When an order is tagged improperly, you have photographic evidence. When a customer claims your driver never came or that the laundry was indeed left outside, you have visual proof to the contrary. When a driver claims he or she was at the right location, you have proof showing that driver was actually at the neighbor’s house.

Every time delivery drivers reach a stop along the route, they should be logging photo proof of that stop’s outcome – whether picked up, missed or delivered.

2. Tag unlabeled bags immediately

Laundry delivery drivers should not rely on notes or memory until they get finished with their routes. Laundry bags, hampers, etc. should be tagged immediately with the tagging mechanism your laundry delivery software provides. If you’re not using the provided customer tags from the software, your delivery drivers can use temporary tags to keep track of the orders until they are replaced by the permanent tags at the laundromat.

Your delivery drivers should check all of the bags for tags when collecting. Just because a customer has a branded laundry bag, doesn’t mean it’s tagged with that customer’s information. Check all bags for tags before placing any pickups into the van.

“This is one of the worst mistakes your laundry delivery driver can make in day-to-day operations,” Panesso explained. “We stress to our drivers the importance of tagging their bags immediately. Driving is hard work – and it’s easy to make a simple mistake when you’re operating on autopilot. It’s important for our drivers to know that these protocols are in place to help them, not to waste their time. Protocols reinforce our trust in our drivers.”

3. Document communications

We’ve added steps into the missed-pickup protocol to document our efforts to pick up laundry from customers, to contact the customers, and to provide ample time to those customers before moving on with the route.

Missed pickups happen. We understand. However, our delivery drivers operate on very full routes. Every minute matters. If you operate a traditional laundry delivery route, these routes operate like a UPS or FedEx route – not a pizza delivery or an Uber ride.

Your drivers will notify the customers when they are on the way through your automated messaging system, which is tied to the laundry delivery software. If no clothes are left outside the door, the delivery driver will knock on the door or ring the doorbell.

“If there is no answer, we have our laundry delivery driver (1) call, (2) text, and then (3) call again.” Panesso noted. “These actions are all documented in our software. We let our laundry delivery drivers know that sending texts through the laundry delivery software and leaving voicemails will help prove their efforts to contact the customer, if these efforts are ever called into question. That prevents situations where we are second-guessing our own staff.”

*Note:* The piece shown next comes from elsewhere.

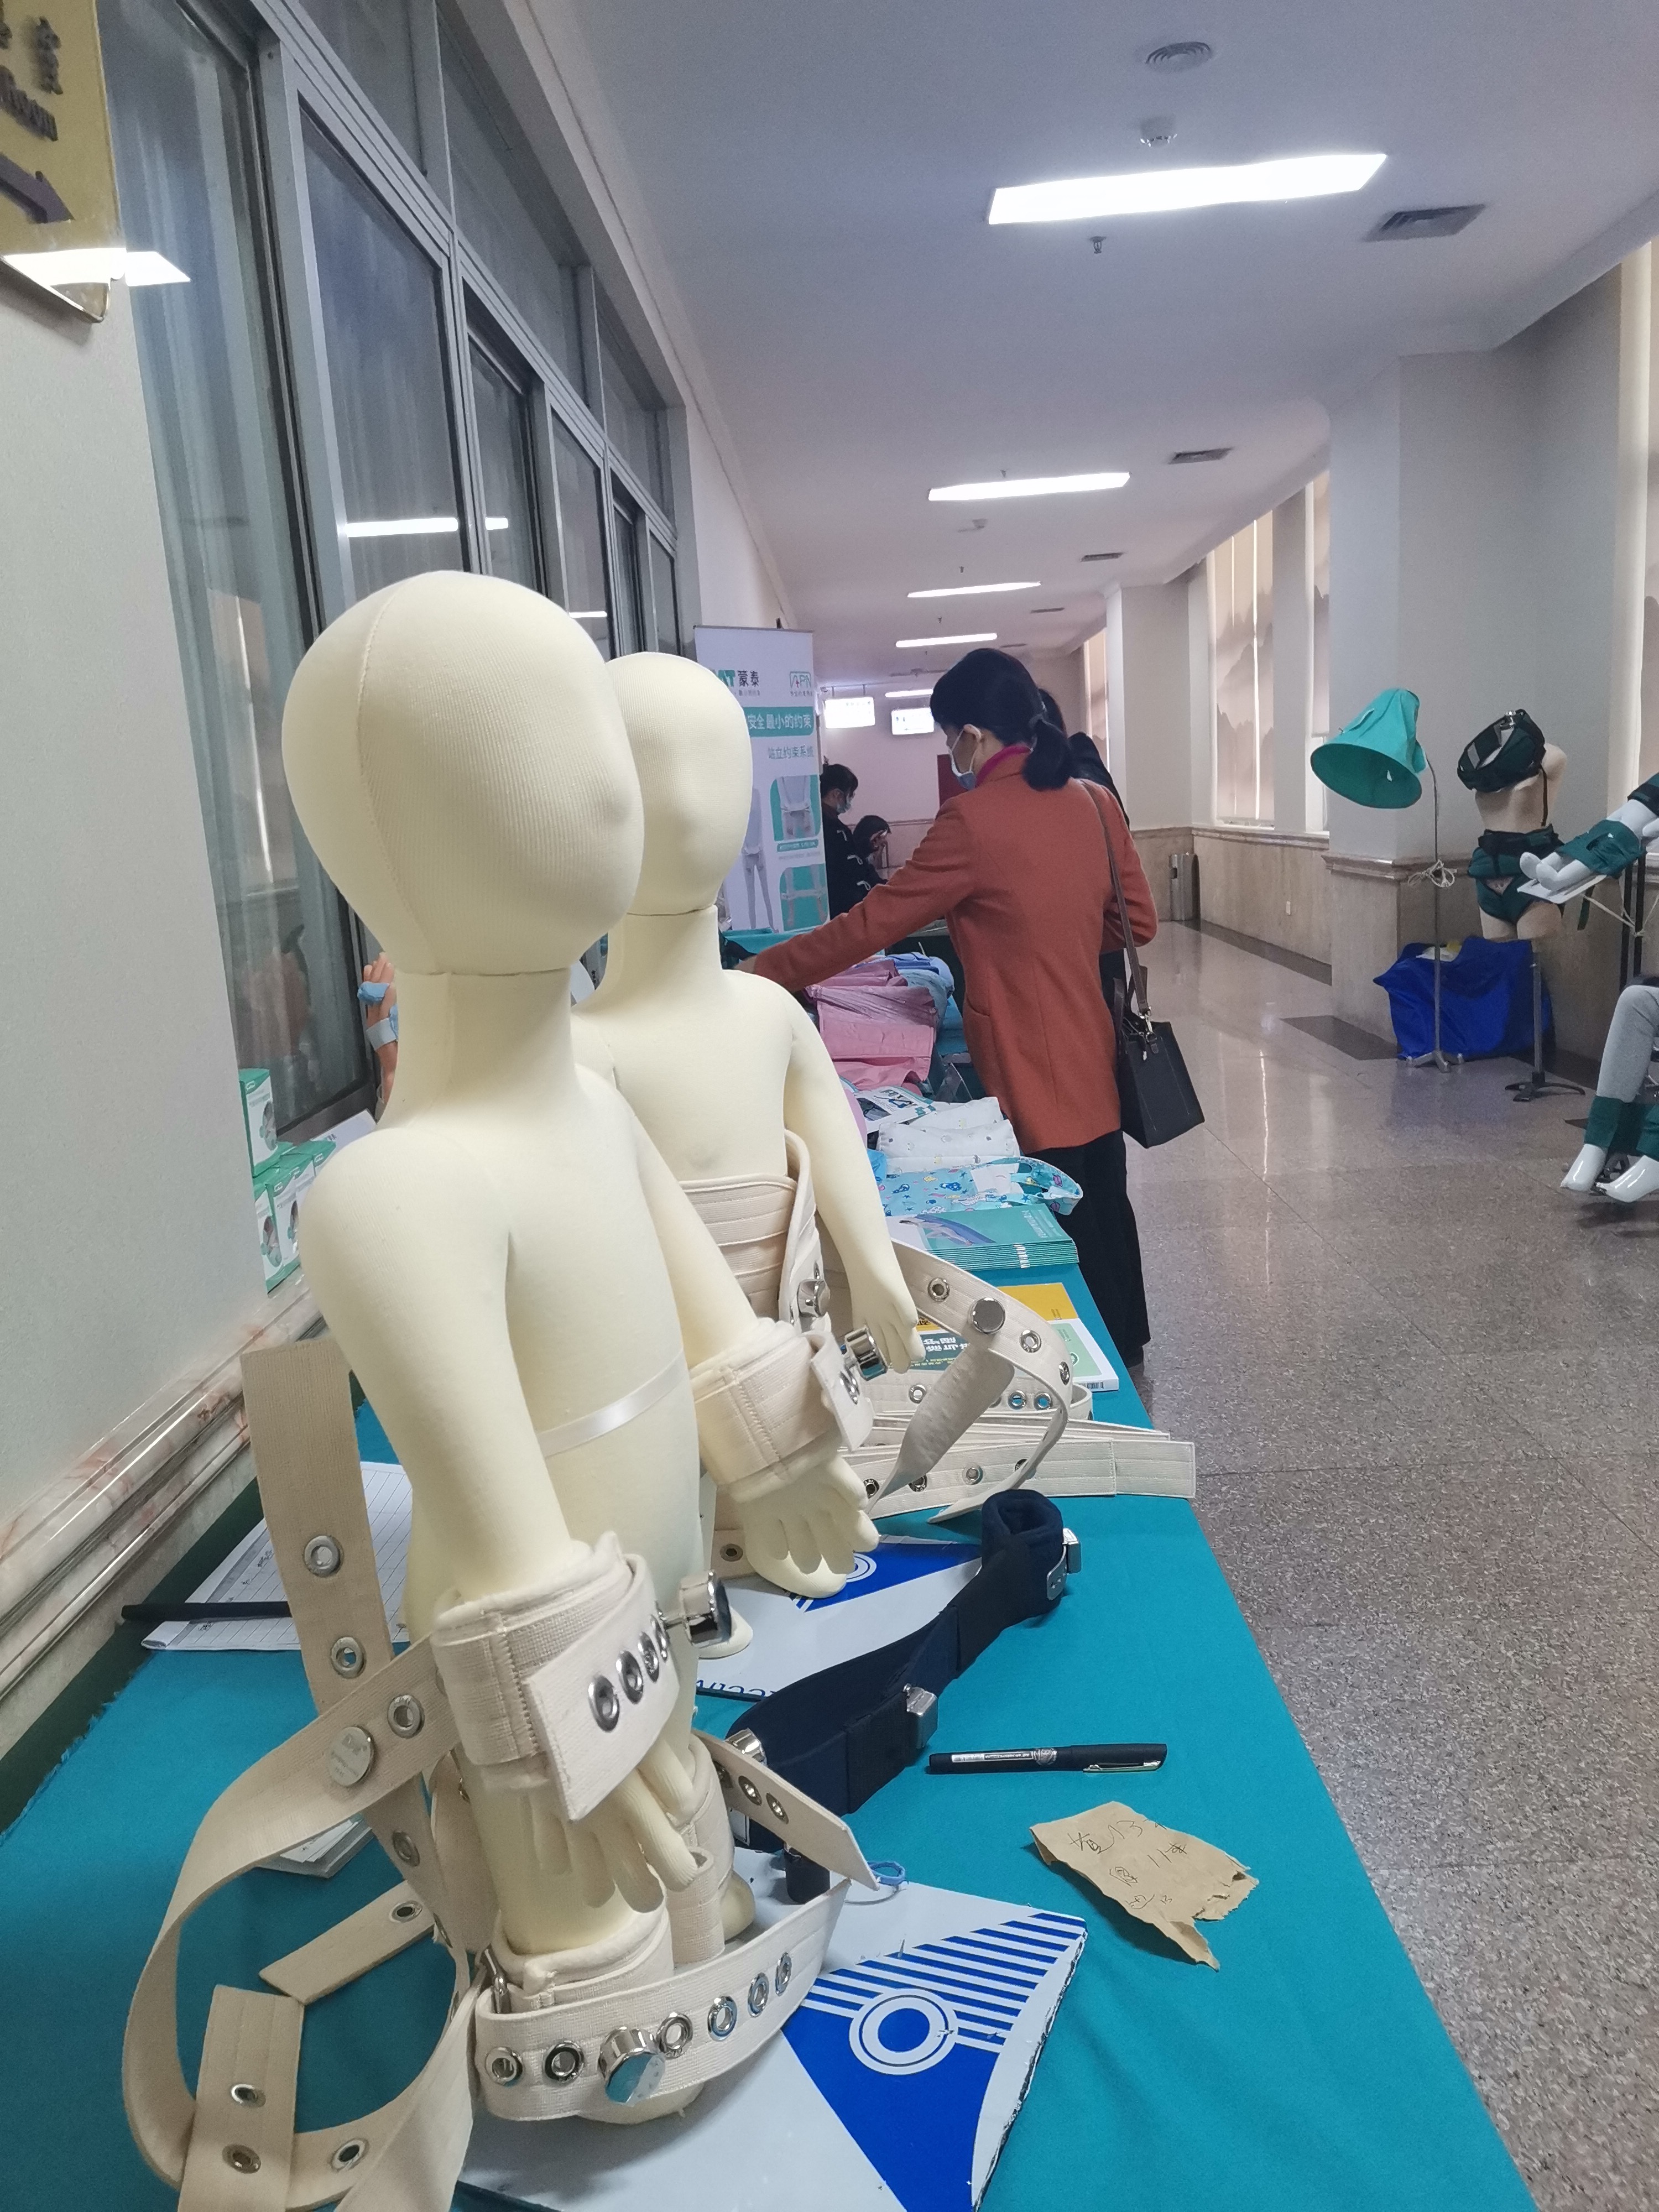 蒙泰磁控約束帶系統在廣東實踐護理大會上的精彩呈現

At that point, if a delivery driver is unable to reach the customer in three to five minutes, that driver is instructed to move on with the route. And drivers will not be able to turn back.

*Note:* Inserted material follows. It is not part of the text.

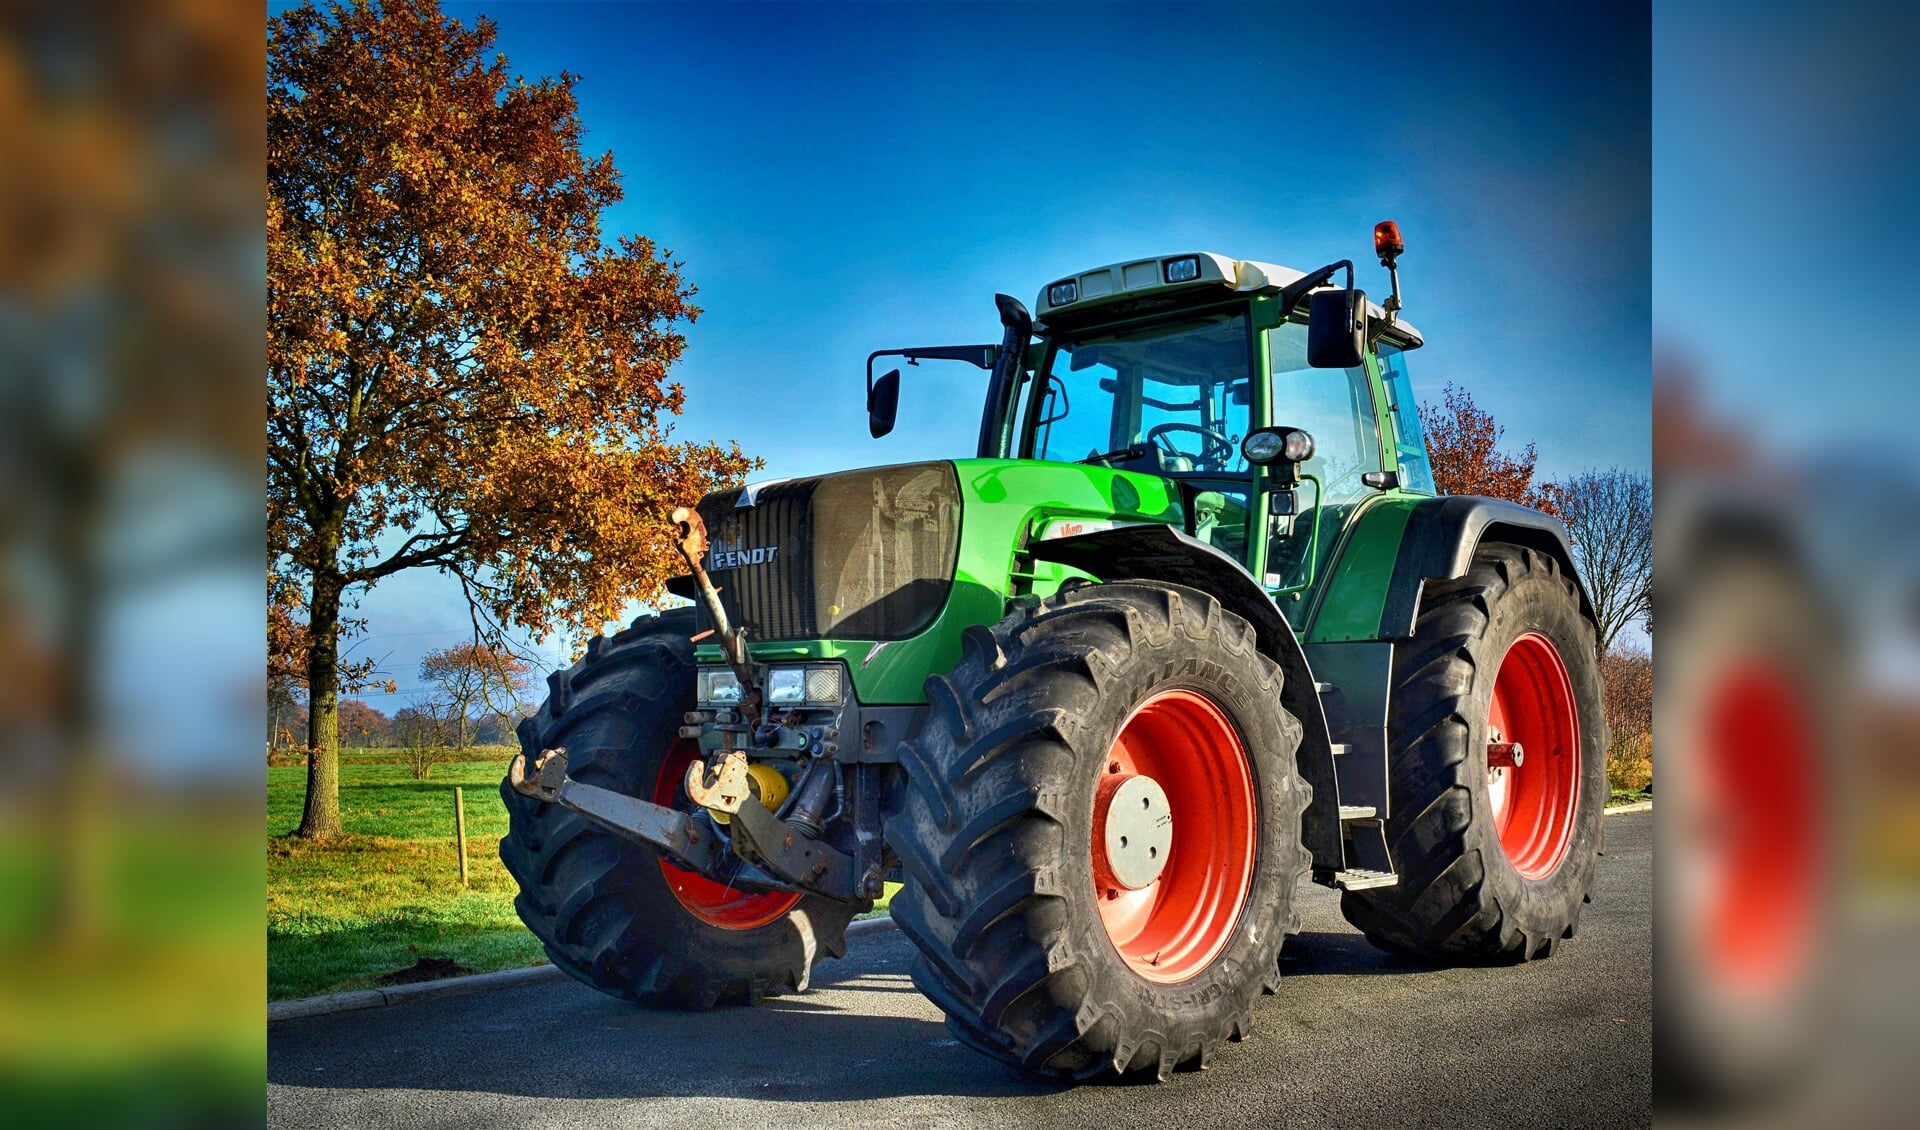 Tractor op de weg. Foto: Pixabay

Obtaining solid documentation from your delivery drivers helps you:

  • Prove to customers that you did everything you could to service them.
  • Prevents customers from bullying drivers by making false claims to your customer support operators.

Protocols Prevent Mistakes

No doubt, a successful and profitable laundry delivery operation will have many detailed standard operating procedures. However, these three SOPs can help you get your laundry delivery drivers on the right track.

A customer saying one thing and a driver saying another can be an incredibly divisive situation. This is why we have established certain protocols to document and prove our actions at friction points throughout the process.

“These procedures help everyone know that we’ve got their back,” Panesso said. “Our drivers need to know that their managers and their customer support team trust them. If they are following protocol, there’s no room for doubt – even when mistakes happen. It’s our goal to keep that divisive doubt out of the business.”